The new track in BioDalliance (BD) consists of two parts: a genetic map, and a genotype file. The genetic map contains a set of names of genetic markers along with their corresponding chromosomes and positions, while the genotype file contains a set of individuals, where each individual has a measured allele at each marker.
The R/QTL2 format combines these files using a so-called control file, which is a YAML or JSON-formatted file containing the filenames of the different types of data in the data set, as well as things such as which alleles are present, and some other data. Right now the track in BD is configured by a JSON-object in the code, rather than reading the control data from a file.
The first part was easy, as soon as I’d picked a library to do the parsing: I chose Papa Parse, which looked like it was fast and easy to use. There weren’t many other candidates, Node CSV looked good as well, but Papa has the advantage of being designed with the browser in mind, rather than Node.js.
The second module, CsvSource, communicates with both the BioDalliance browser as well as with the Csv module. It is given a set of URIs when created - defined by the control object given to the browser - and uses the Csv module to read CSV files from these URIs. Specifically, it reads the marker locations as stored in the “gmap” file, and the individual genotypes from the “geno” file.

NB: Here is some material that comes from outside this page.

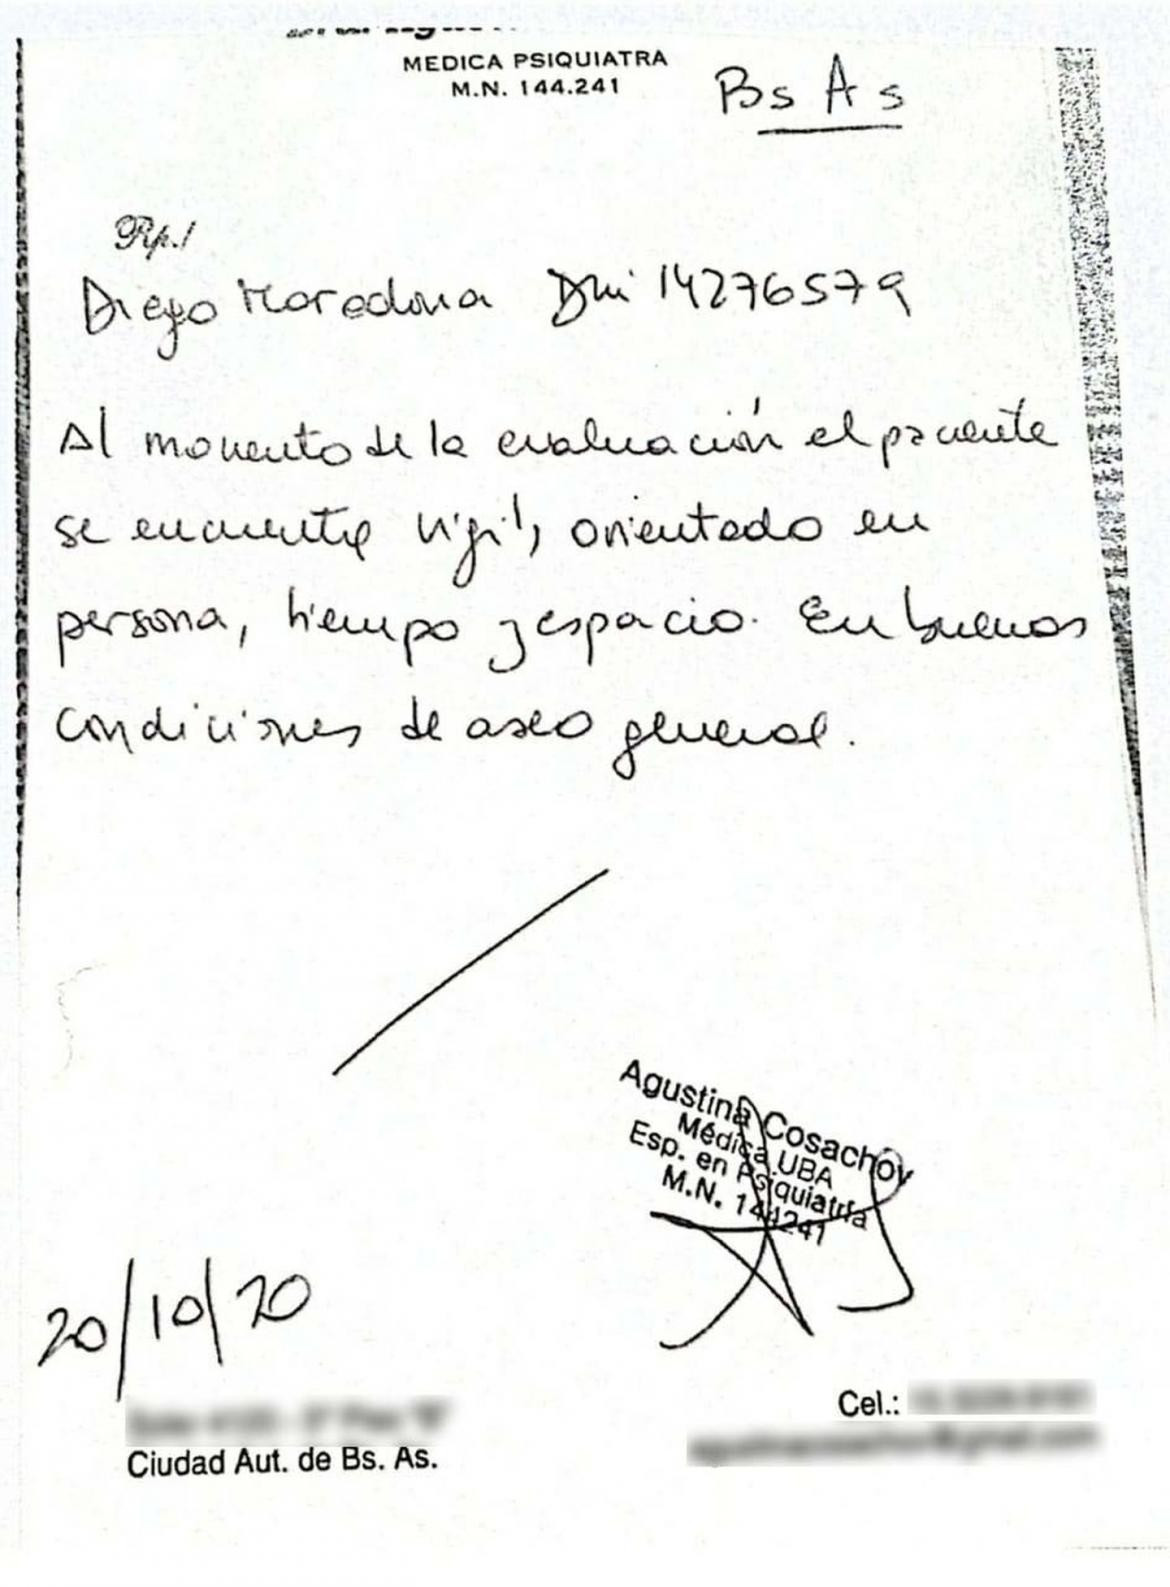 Certificado firmado por Agustin Cosachov sobre Maradona

As the genotype file is parsed, the CsvSource module creates features to be shown in the browser. The features have various properties, the most important being “min” and “max”, which are the coordinates of the left and right sides of the feature, in units of basepairs. I set “min” to be equal to the marker’s location according to the “gmap” file, and “max” to be a few basepairs to the left of the next feature’s start.

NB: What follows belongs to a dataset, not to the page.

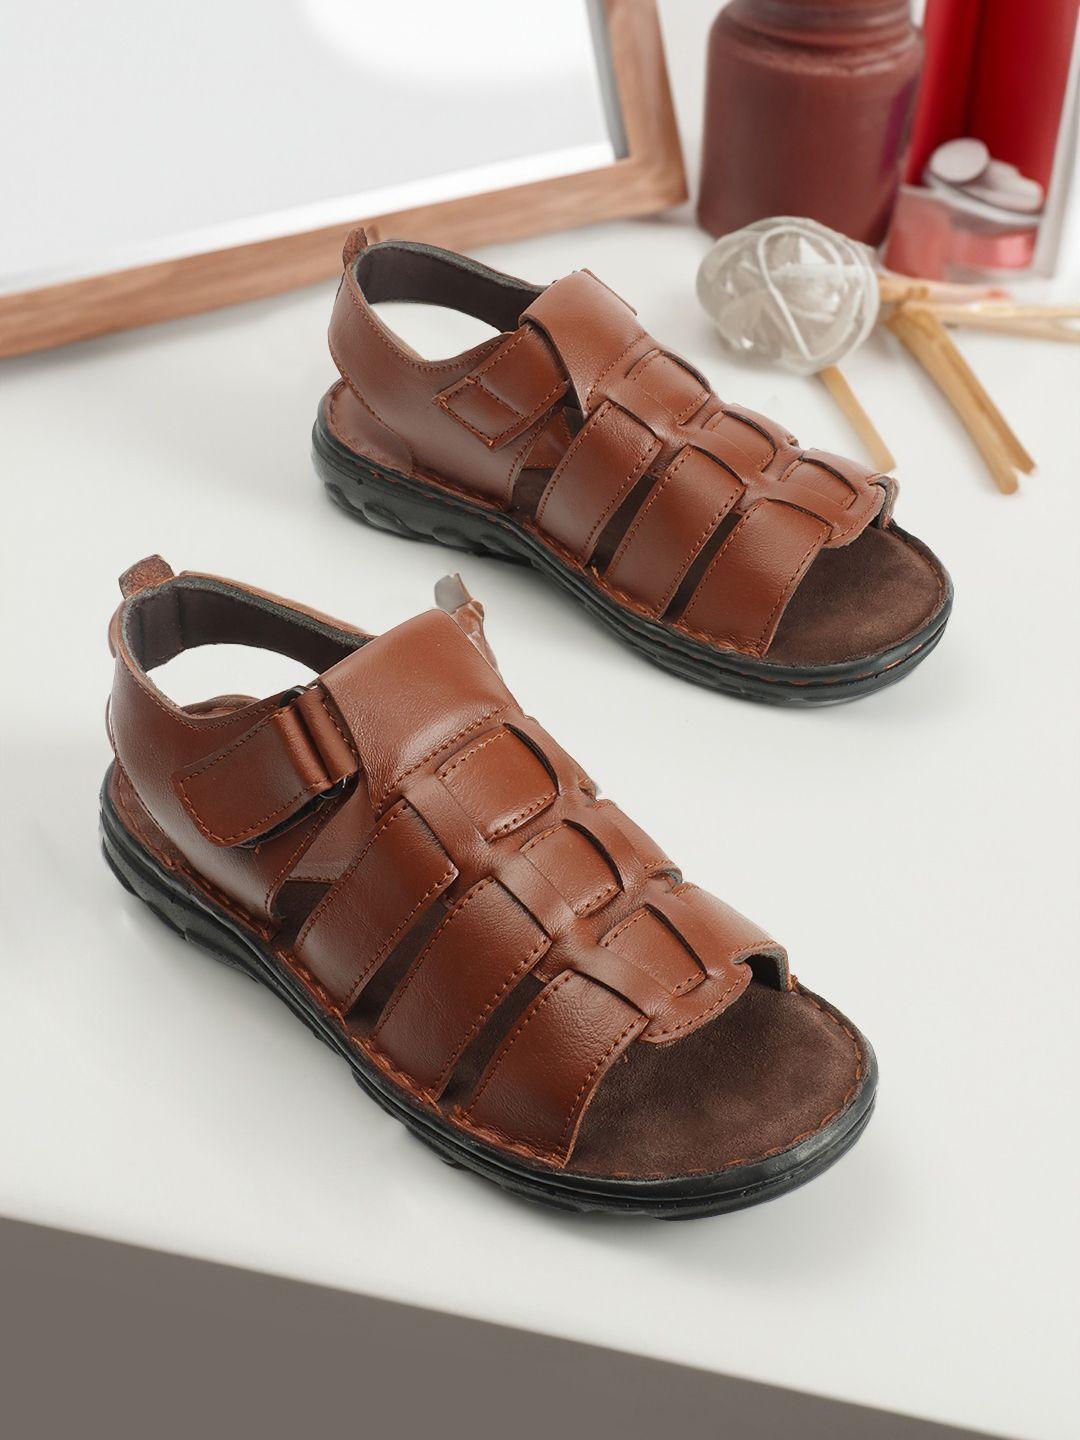 carlton london men perforated comfort sandals

The CsvSource provides one more thing to the browser - a DAS stylesheet. This stylesheet is what the browser uses to construct its visual representations of the features it is given. At the moment, this is hardcoded, with the different alleles being represented by boxes of different colors.
The codebase is well-written, but quite complex, and lacking in documentation, with only a few comments, making it difficult to understand how the data flows through the system. It has taken a fair bit of digging and thinking for me to start to understand how it works.
Each day of coding starts with an IRC meeting, where we (me, my mentors, some other students, and other people working on related projects) hold a sort of light version of a Scrum standup, which has been very good, as it forces you to both know, concretely, what you is going to work at during the day, as well as letting you see what the others have been up to, which is also interesting. Another thing that’s been encouraged is the writing of tests, and it’s been good to spend some effort doing that.